== Segment start ==

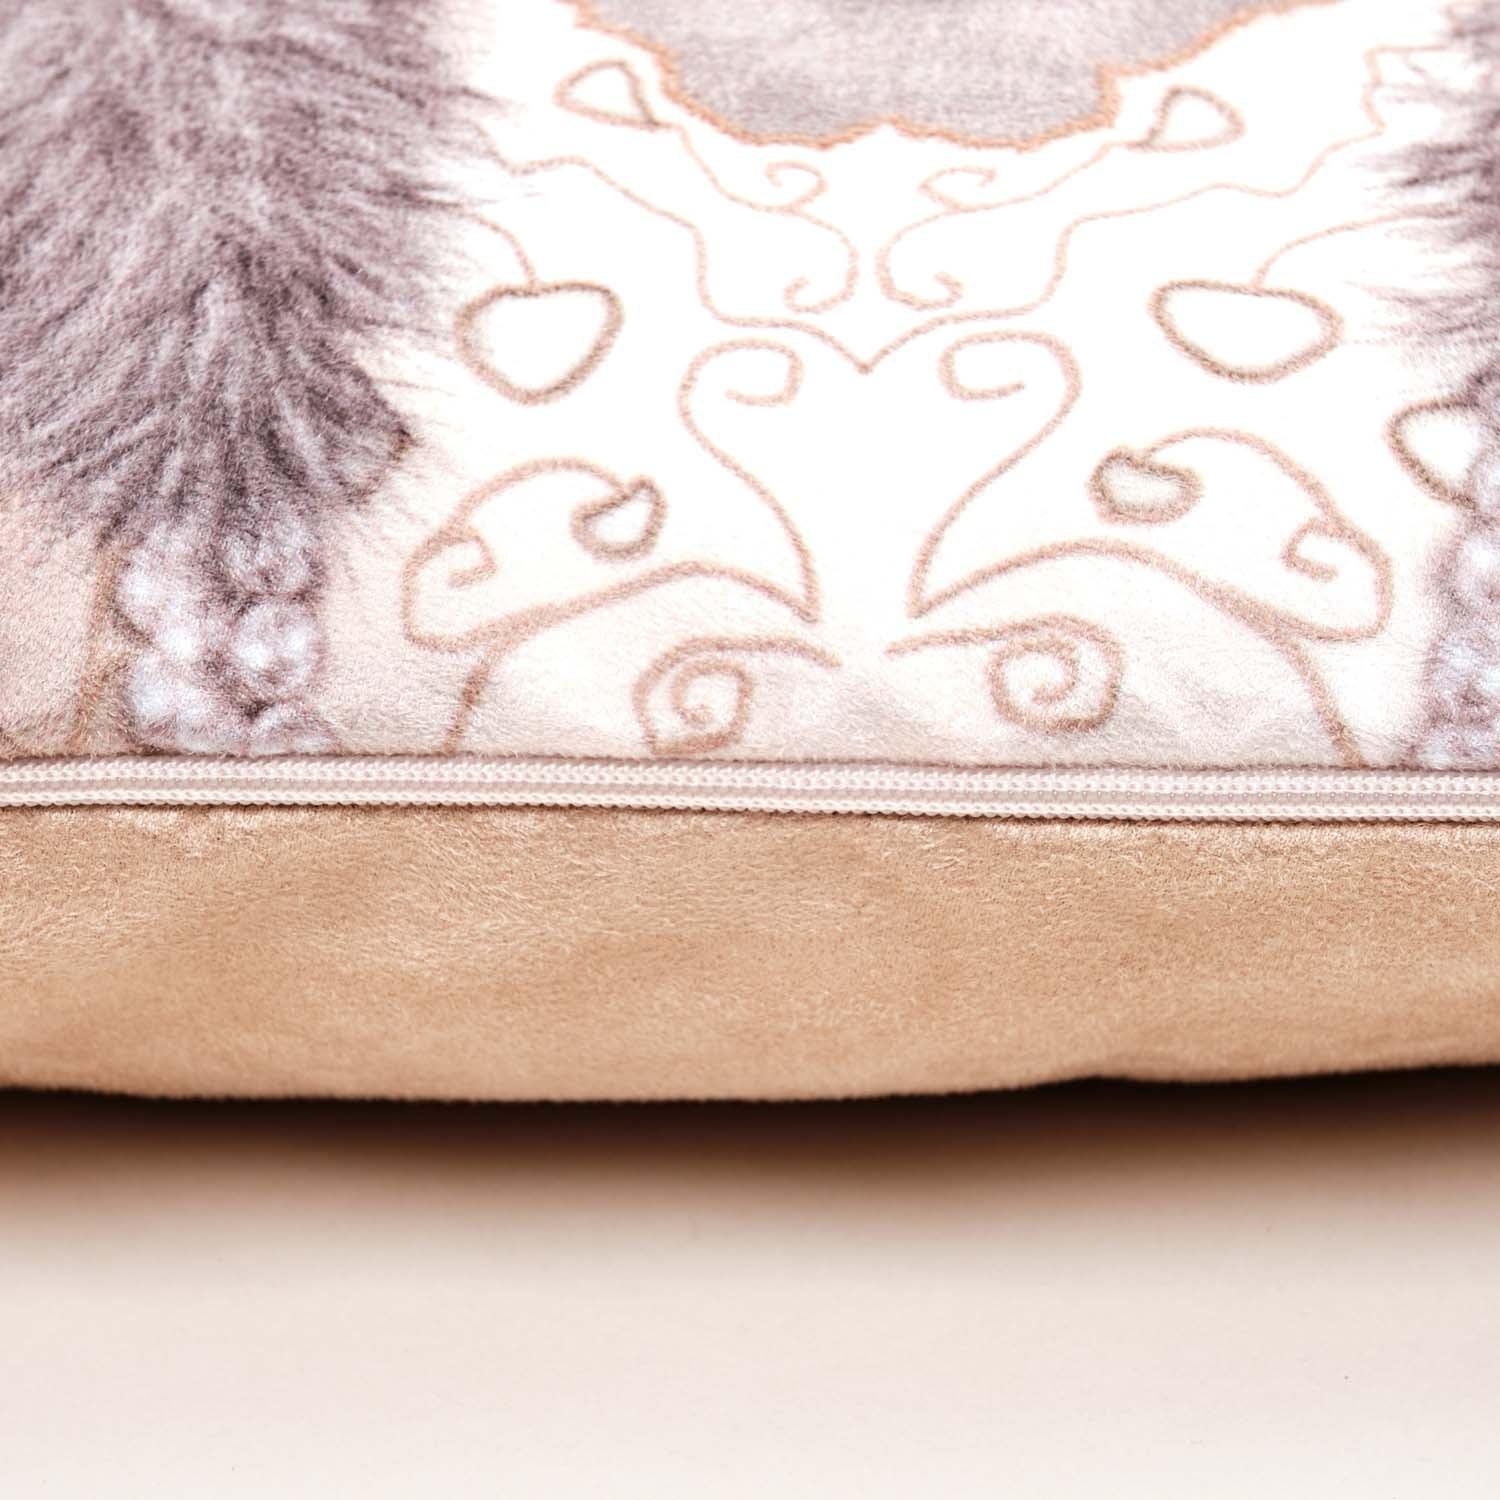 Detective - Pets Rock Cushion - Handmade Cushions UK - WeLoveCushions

== Segment end ==
== Segment start ==

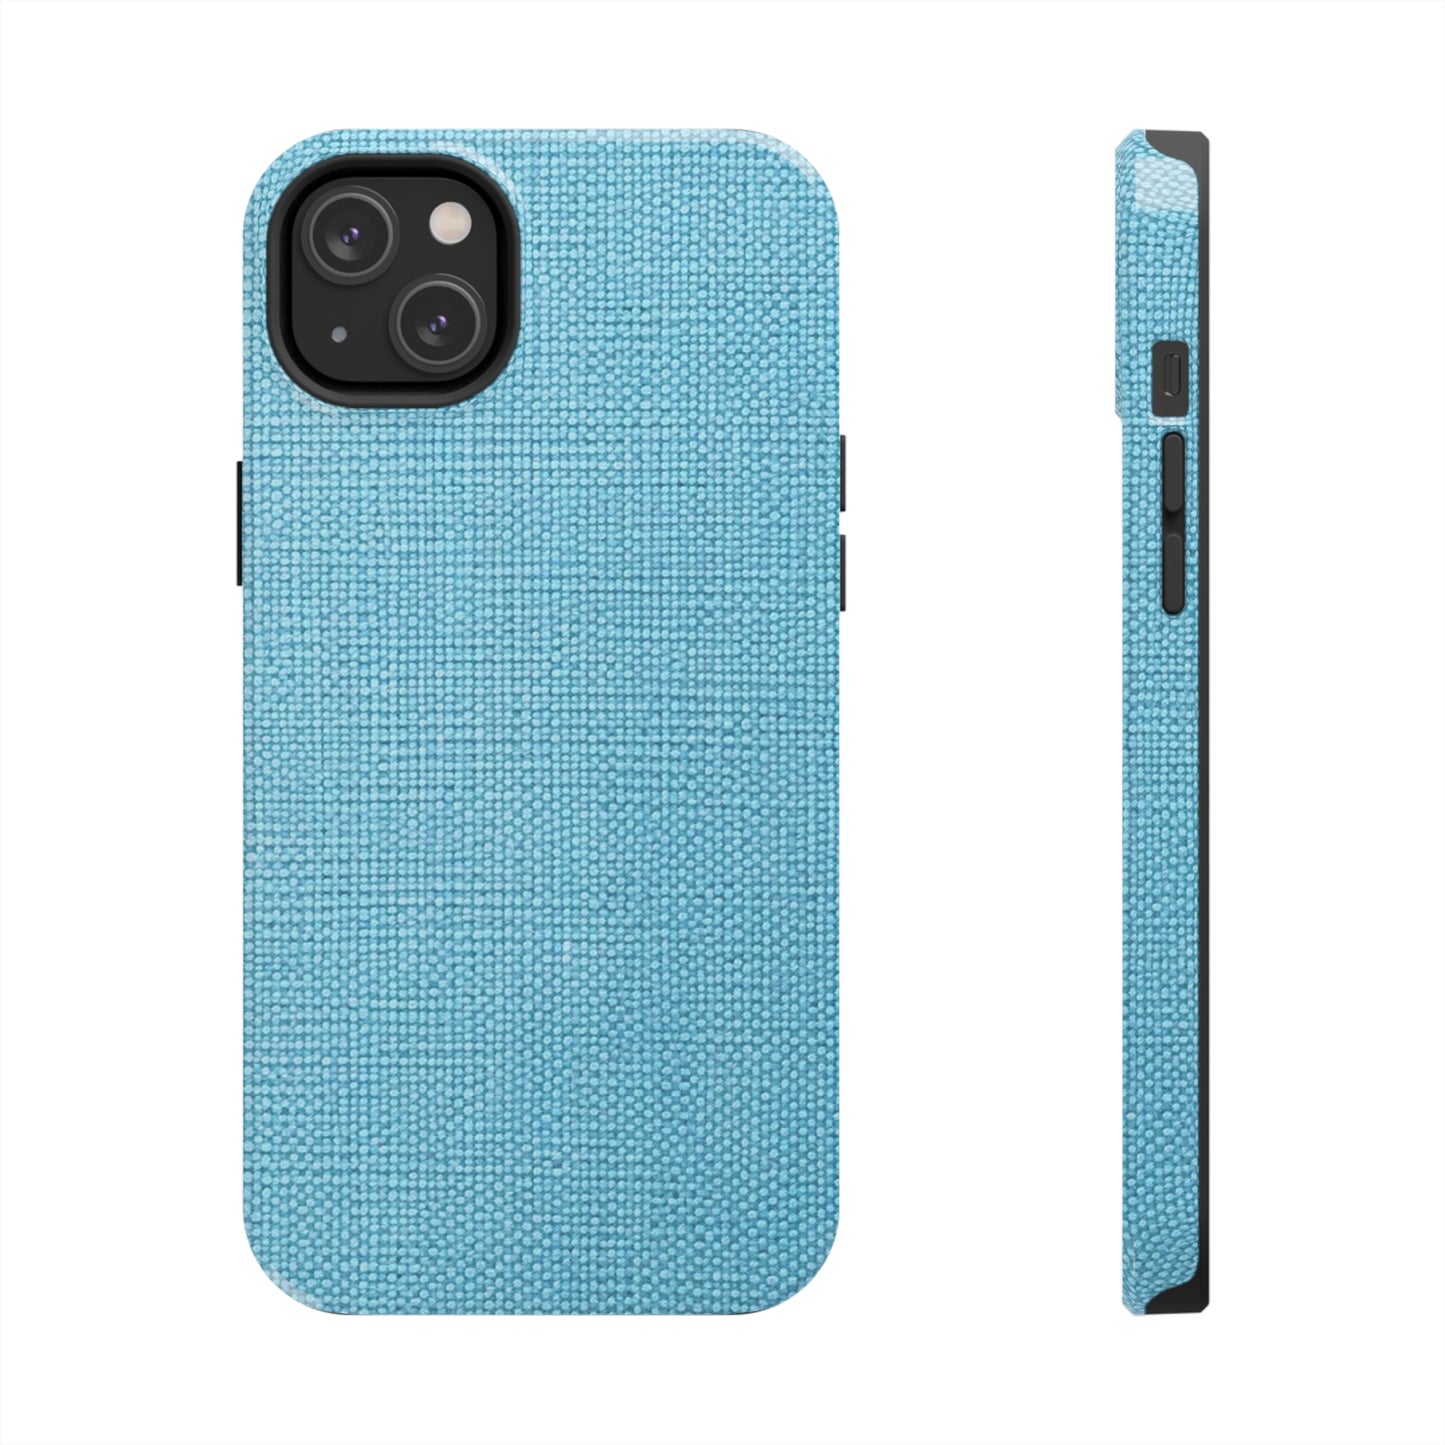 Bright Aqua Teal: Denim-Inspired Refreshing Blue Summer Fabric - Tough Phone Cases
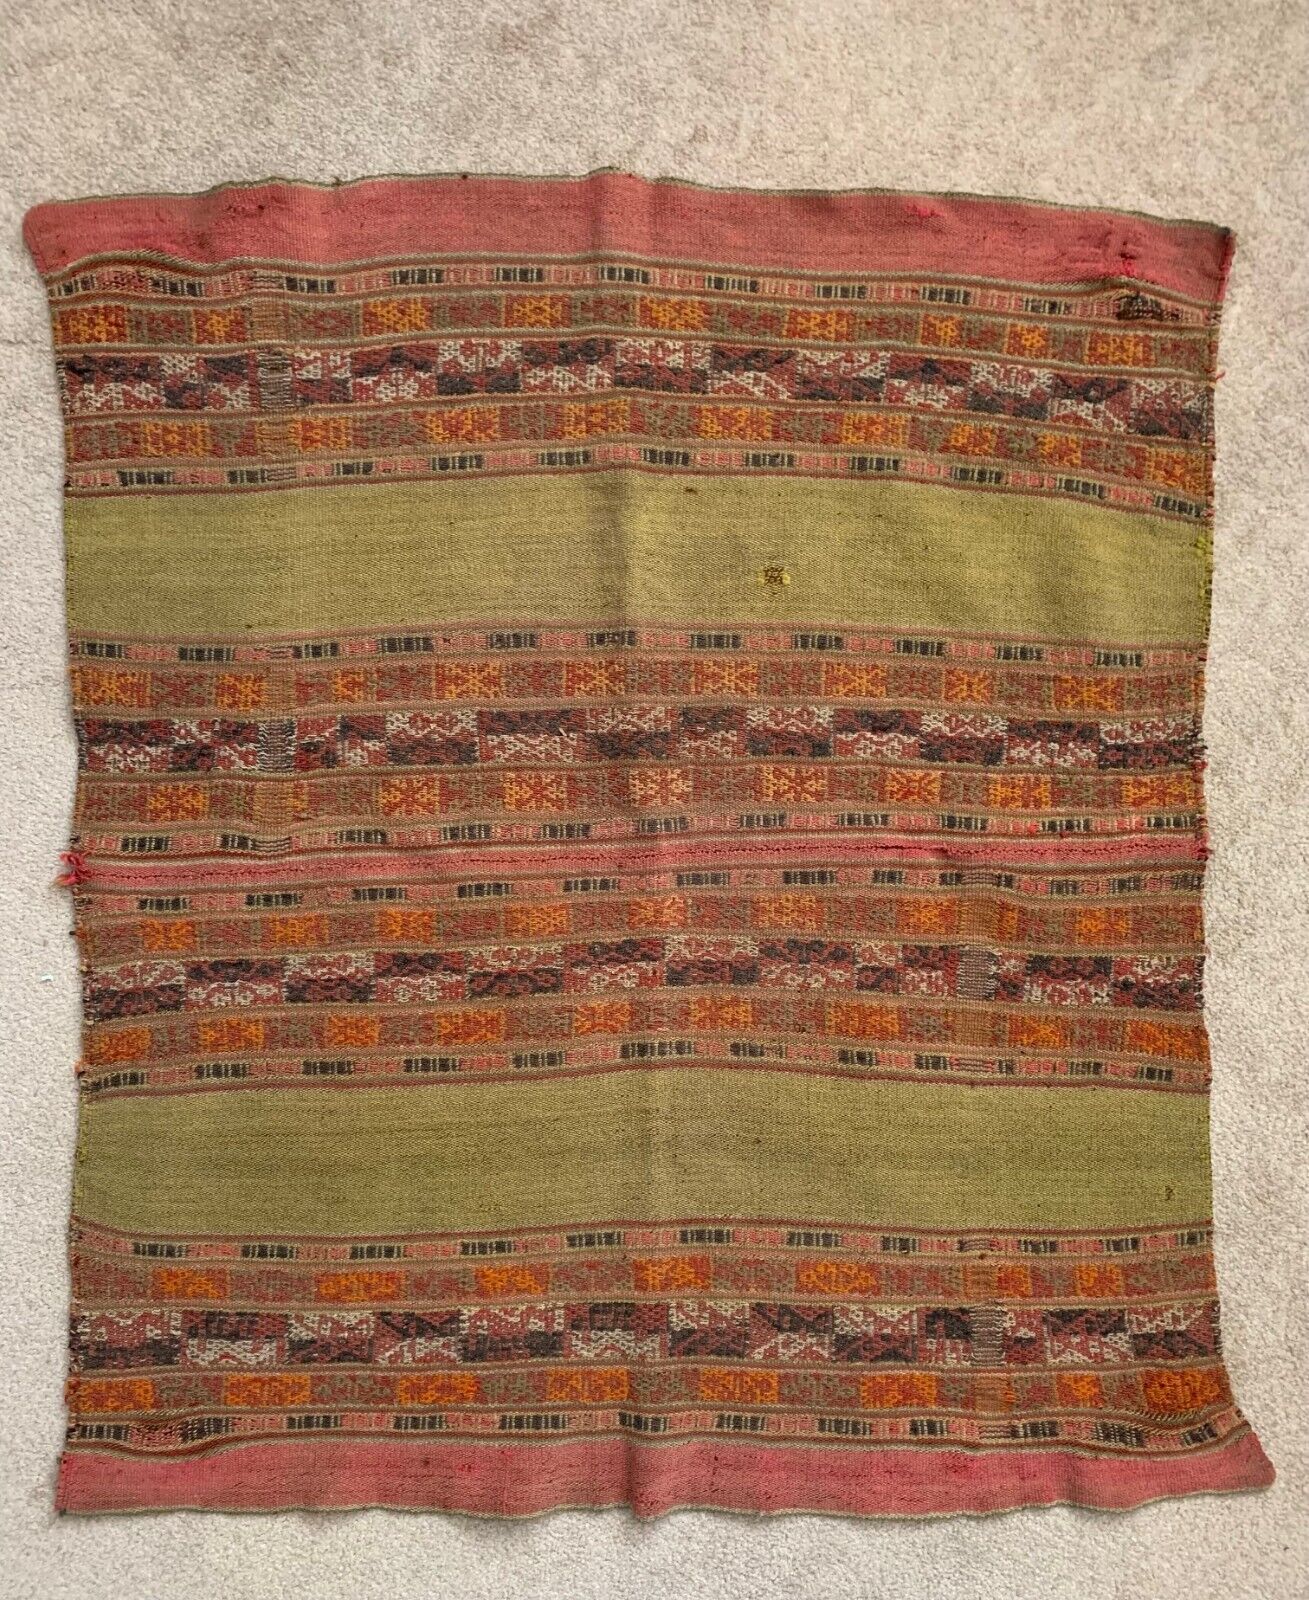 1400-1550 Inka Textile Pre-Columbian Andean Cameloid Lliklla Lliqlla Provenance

== Segment end ==

Which part of the entries opens with the line containing "Bright Aqua Teal: Denim-Inspired" and closes with the line containing "1400-1550 Inka Textile"? Output that part exactly, ends included, pictures excluded.

• _Answer box_:
 Bright Aqua Teal: Denim-Inspired Refreshing Blue Summer Fabric - Tough Phone Cases
 1400-1550 Inka Textile Pre-Columbian Andean Cameloid Lliklla Lliqlla Provenance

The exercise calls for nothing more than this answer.